The results of the analyses are shown graphically in Fig. 1. The GLMs successfully combine the metrics and improve the results of any of the primary quality indices used in isolation. These results support the notion of complementarity of the different metrics and the possibility of aggregating them effectively. Better predictors allow for improved assessment of the quality of commercial ecosystems and more successful evaluation of the suitability of different locations.

Fig. 1.
figure 1

Comparison of the predictive performance of the primary quality indices in isolation and that of the generalized linear models. The color of the dots represents the MRR results for each city.
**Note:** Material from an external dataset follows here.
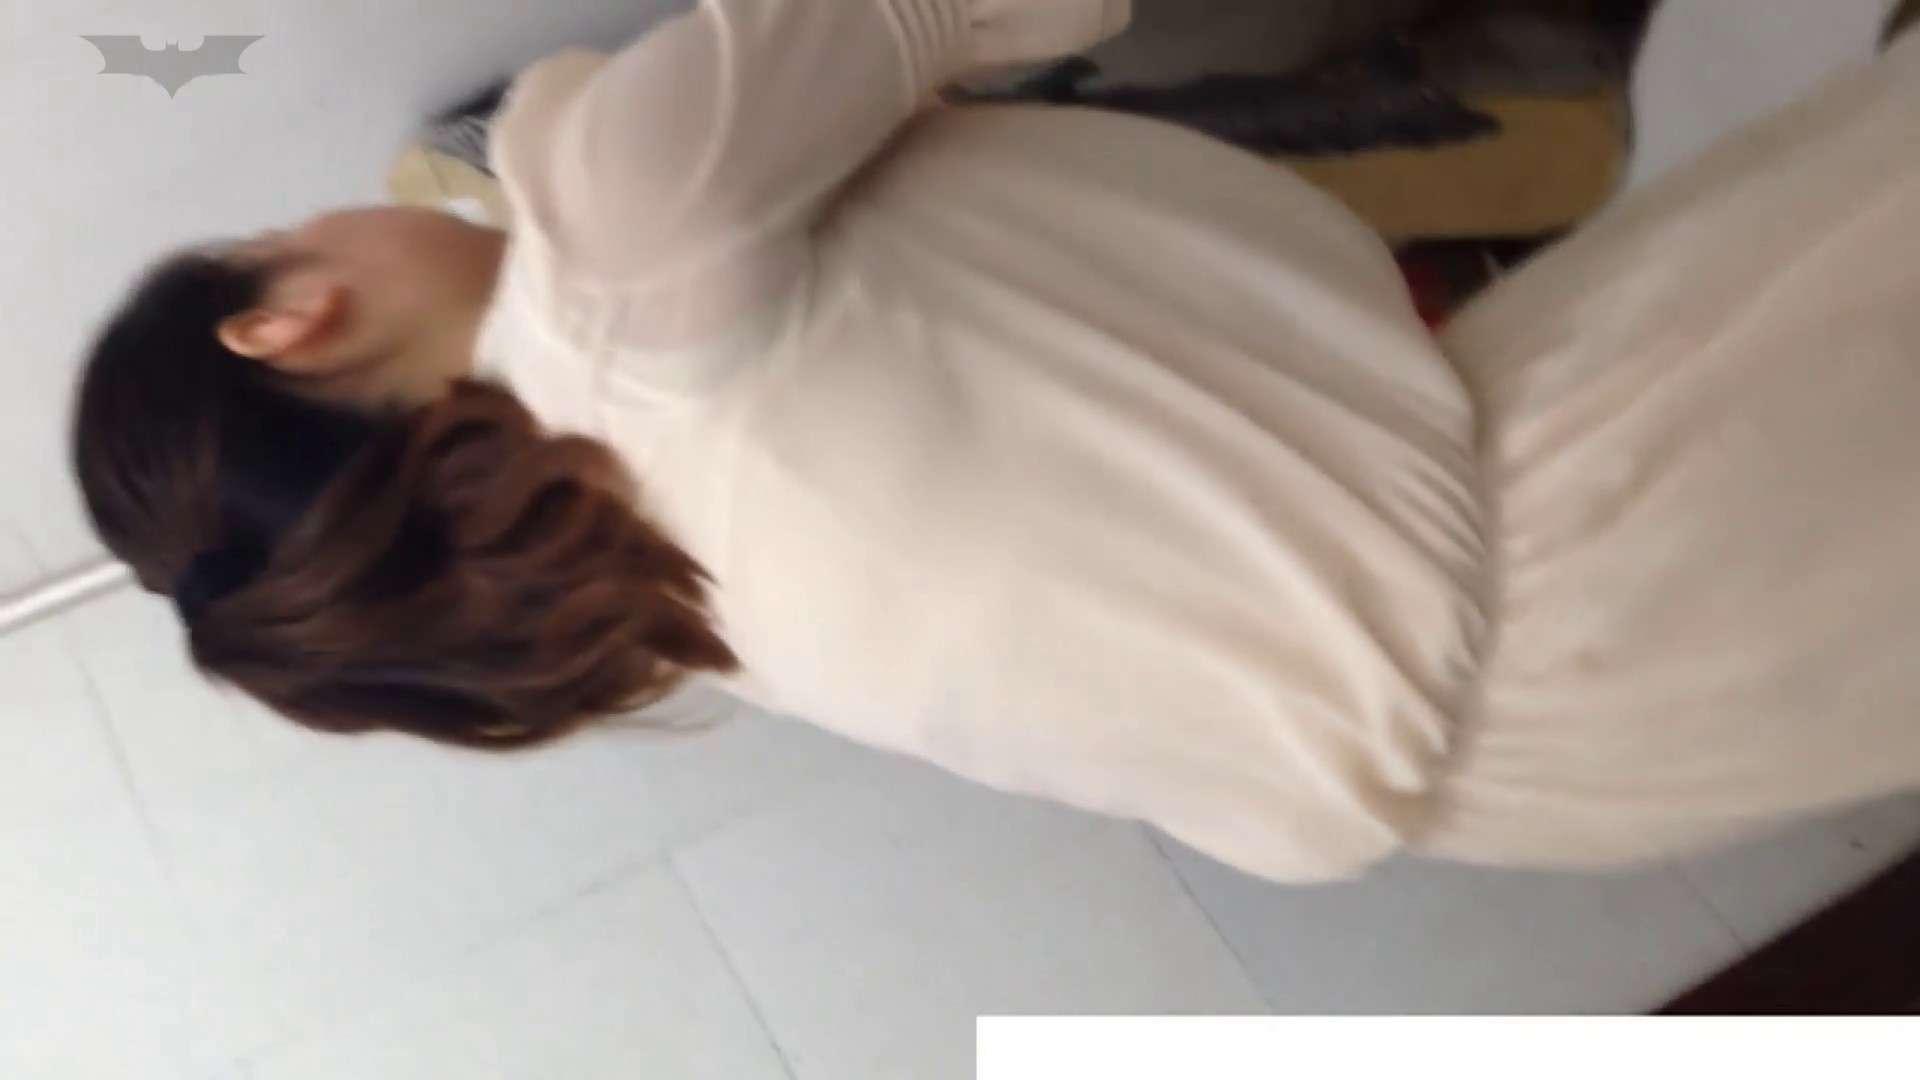 JD盗撮 美女の洗面所の秘密 Vol.20 エッチな盗撮 オマンコ無修正動画無料 94pic 80

However, although the results seem straightforward, it is relevant to establish the degree of confidence in the conclusions, especially given that the number of cities is limited since the data collection and analysis process is computationally expensive. For this purpose, we have used the Bayesian Signed-Ranked test [15, 16]. This test allows to establish the probability, given the available evidence, that one algorithm is better than the other or—by setting limits that determine a region of practical equivalence (rope)—that both algorithms can be considered equivalent. The results of this analysis comparing the best quality index found empirically in our data (QJR) with GLMs are shown in Fig. 2. For 10000 Monte Carlo samples, we found that the probability that GLMs are better than the best of the primary quality indices used in isolation (QJR) is close to 0.75.

Fig. 2.
figure 2

Results of the Bayesian signed-rank test for comparison between algorithms. The results compare the GLMs with the best of the empirically found quality indices, the QJR. Given the evidence from the data, the probability that the GLM is better is 0.734, the probability that the QJR is better is 0.033, while the region of practical equivalence (rope) for a range [−0.01, 0.01] is 0.233.

4 Conclusions

The location problem in retailing is a very relevant problem in strategical terms, but at the same time, it is complex and multidimensional. An influential dimension in the decision is the suitability of the commercial ecosystem in the candidate neighborhood. Different quality indices based on network theory attempt to quantify this adequacy based on various assumptions. In this work, we have shown that using several sources of information from different cities, aggregated through consensus techniques, and the combination of all quality indices using generalized linear models improve the predictive performance and, consequently, the assessment of potential locations. These results suggest that the combined use of the primary quality indices aggregated by means of supervised learning techniques is a better performing approach than using them in isolation.